§ **Requirement**: Write out, word for word and with no pictures, each line below from the one containing "Impress all your" through the one containing "A rare, hard", both included, and no other line.
Segment Start: Task data
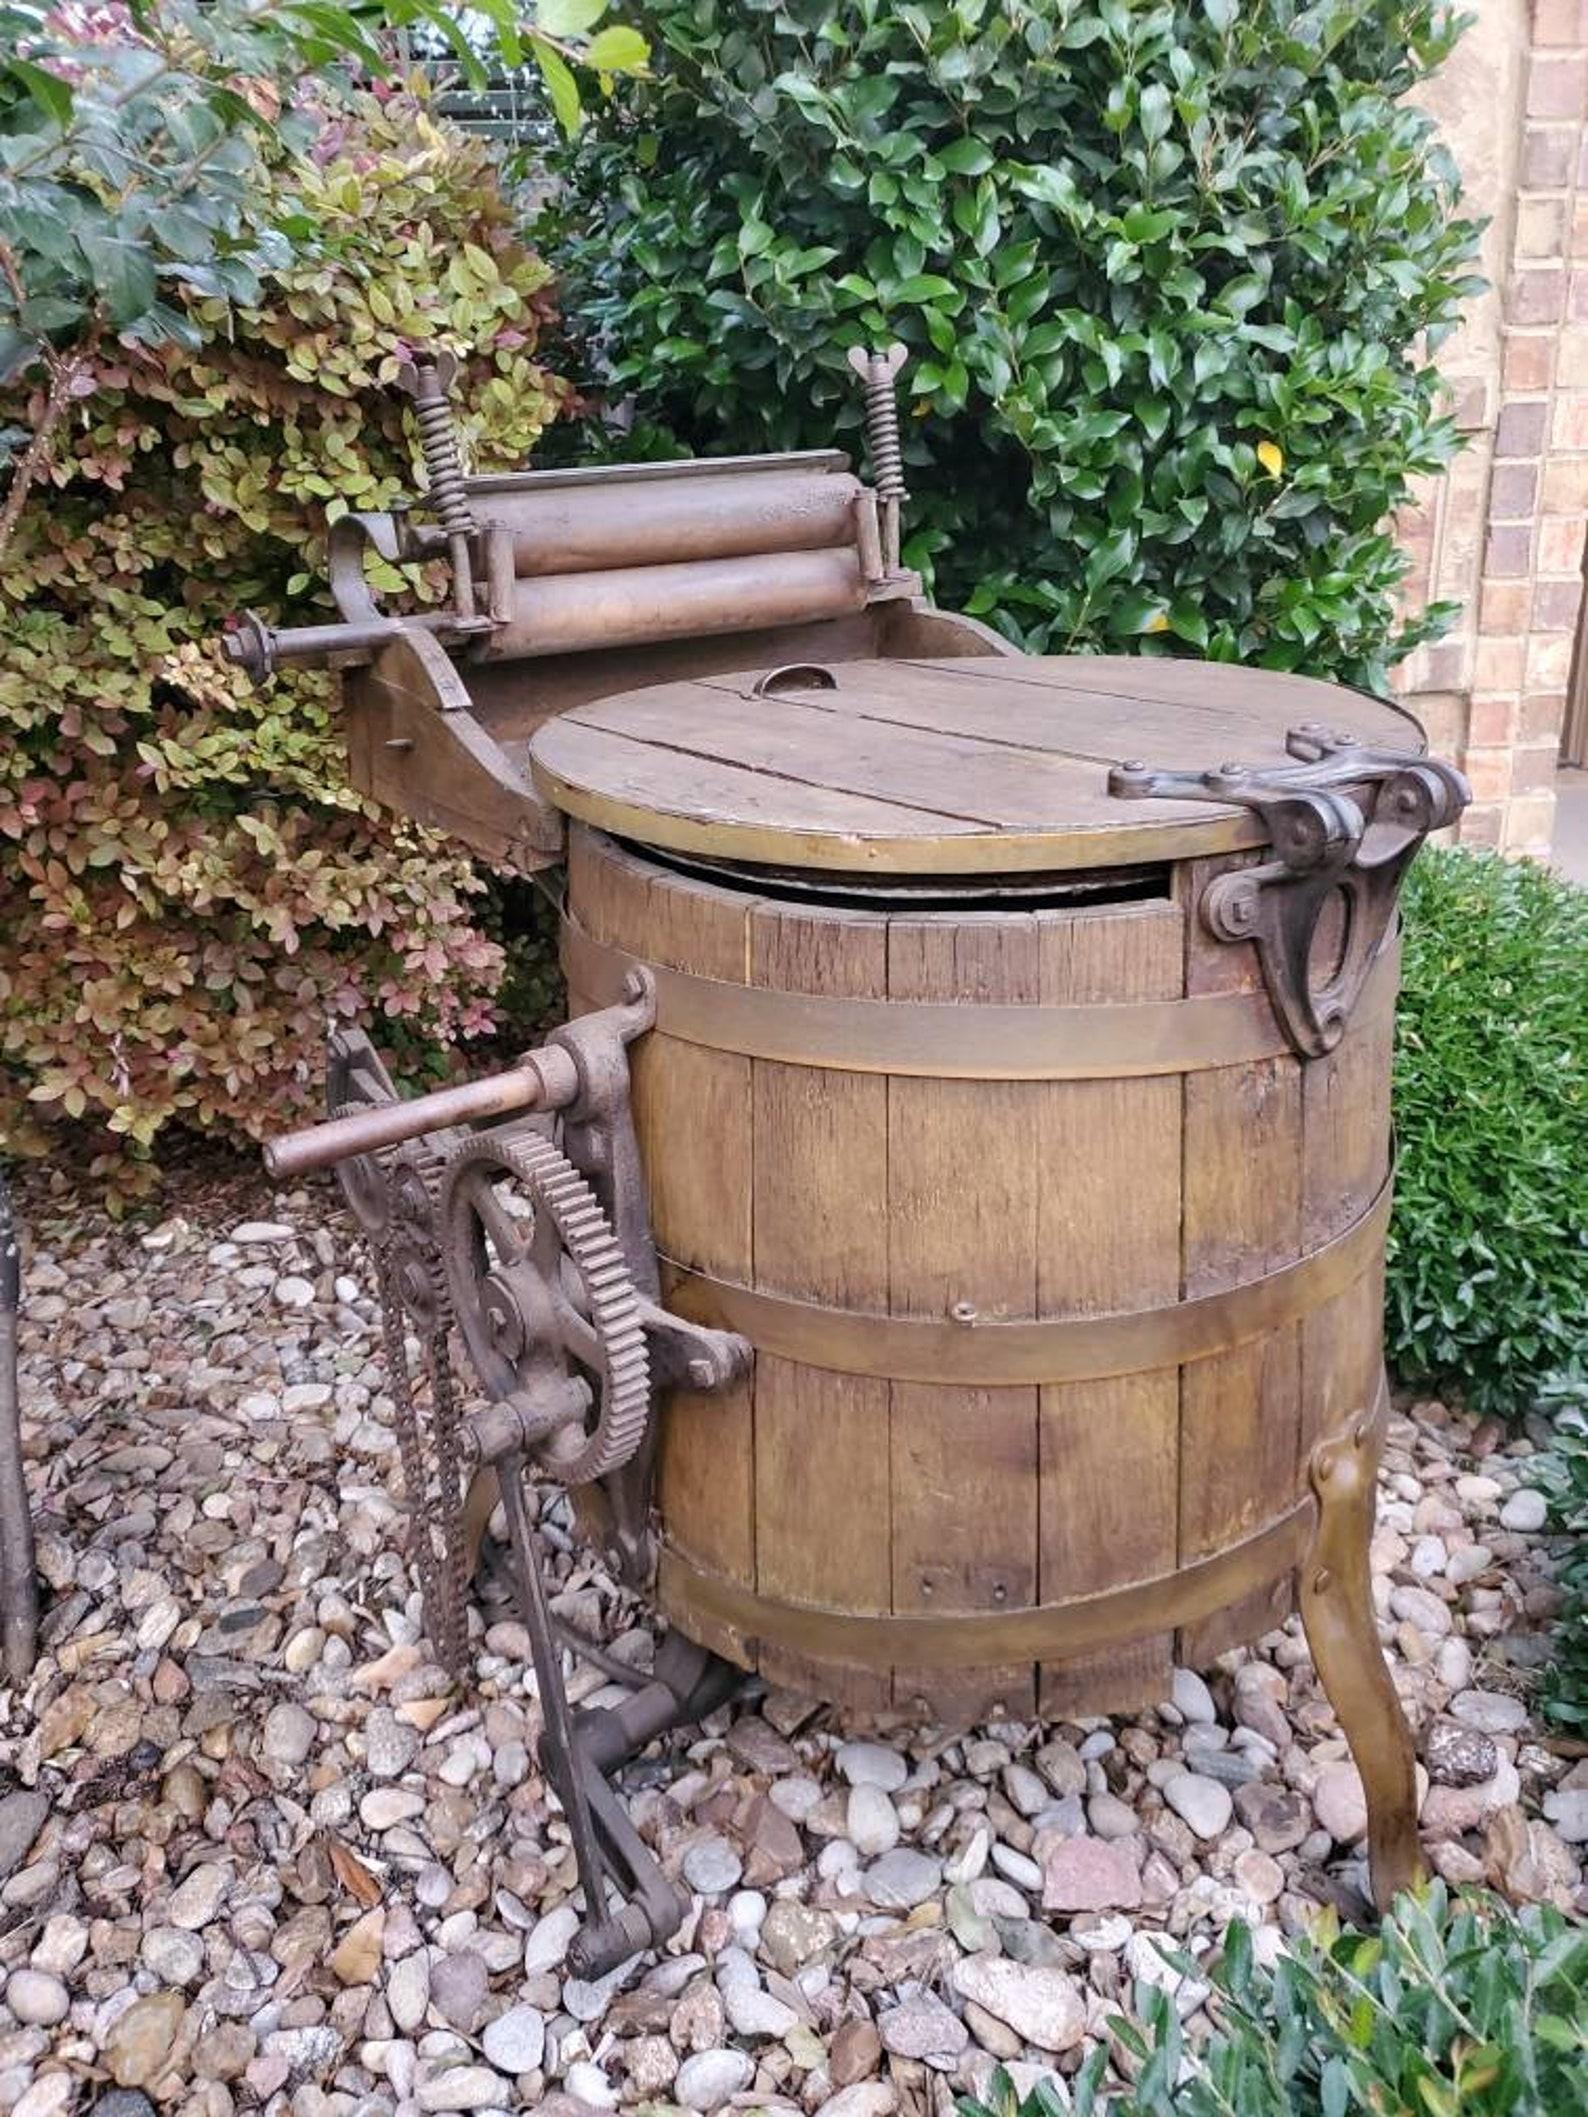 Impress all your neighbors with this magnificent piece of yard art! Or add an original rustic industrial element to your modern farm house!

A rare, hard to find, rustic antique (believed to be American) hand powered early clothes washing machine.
Segment End: Task data
Segment Start: Task data
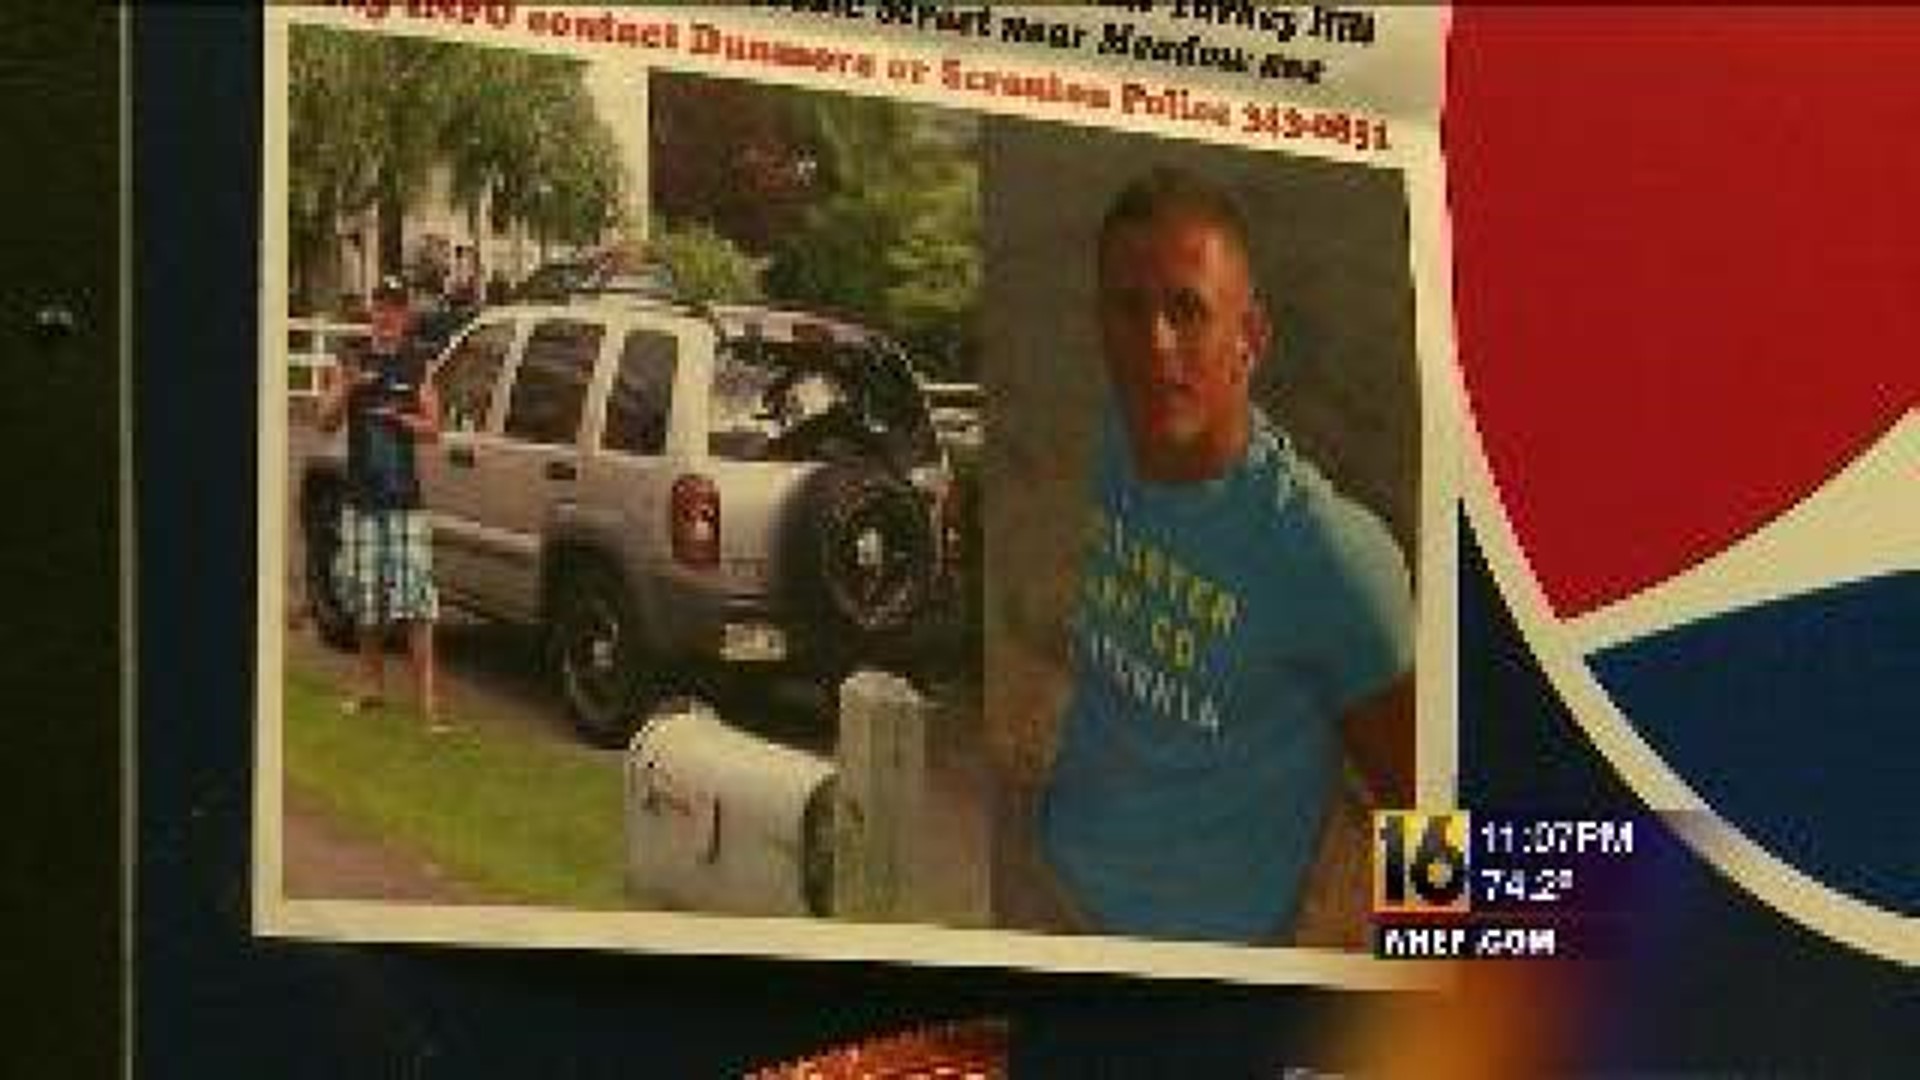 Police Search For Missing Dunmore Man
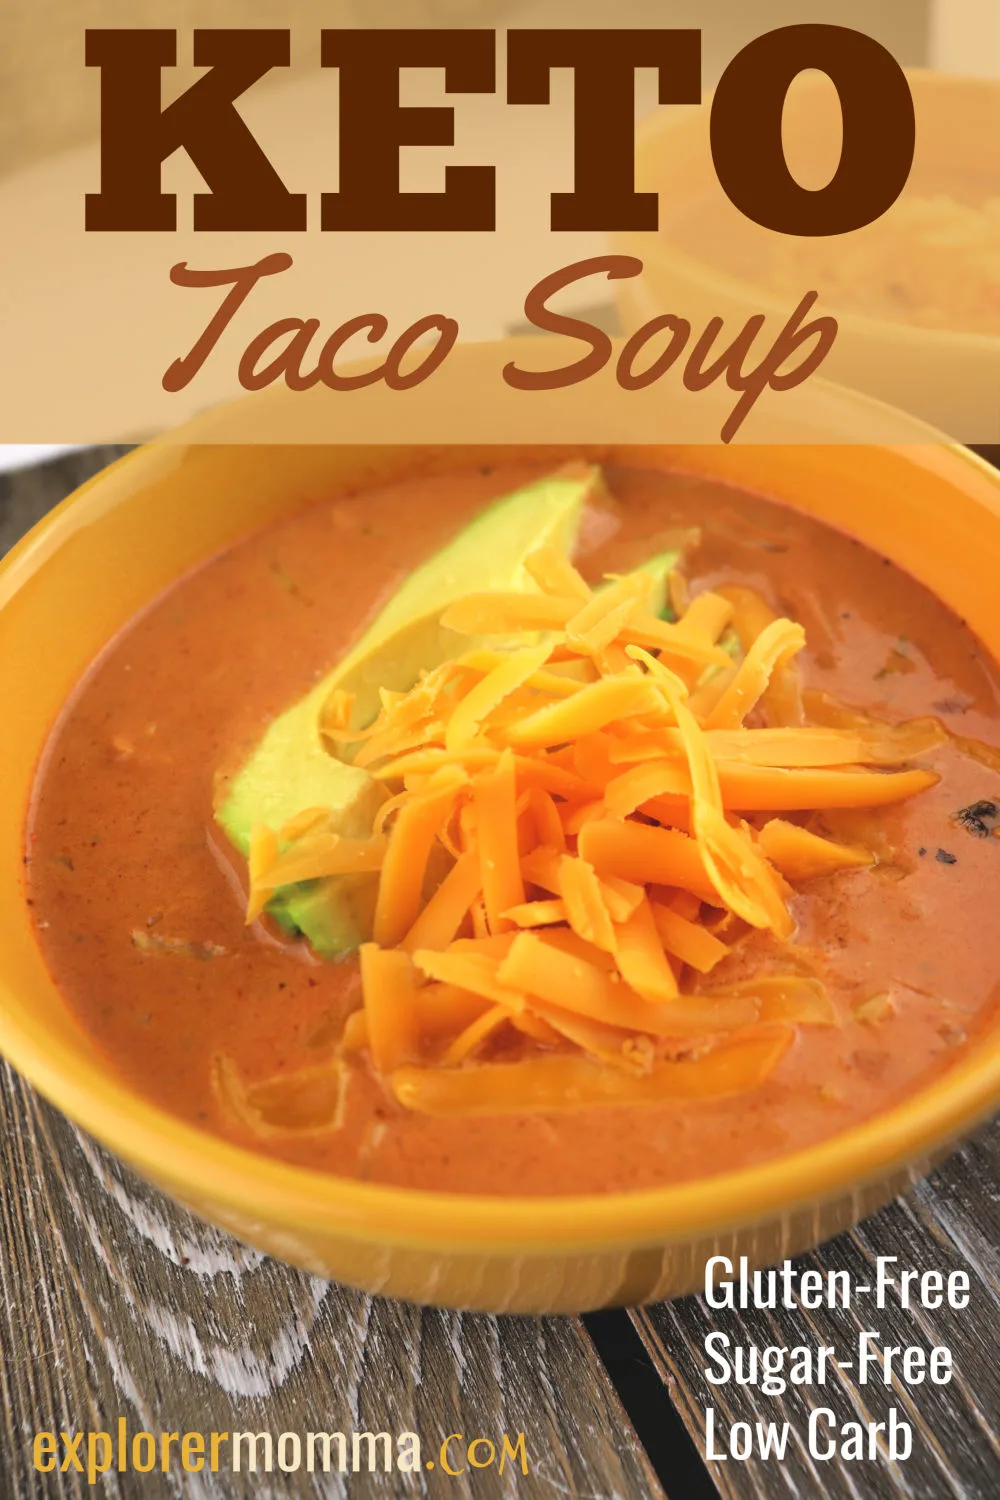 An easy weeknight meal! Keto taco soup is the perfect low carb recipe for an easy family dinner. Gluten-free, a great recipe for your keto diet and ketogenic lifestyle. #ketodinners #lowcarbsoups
Segment End: Task data
§ **Reply**:
 Impress all your neighbors with this magnificent piece of yard art! Or add an original rustic industrial element to your modern farm house!

A rare, hard to find, rustic antique (believed to be American) hand powered early clothes washing machine.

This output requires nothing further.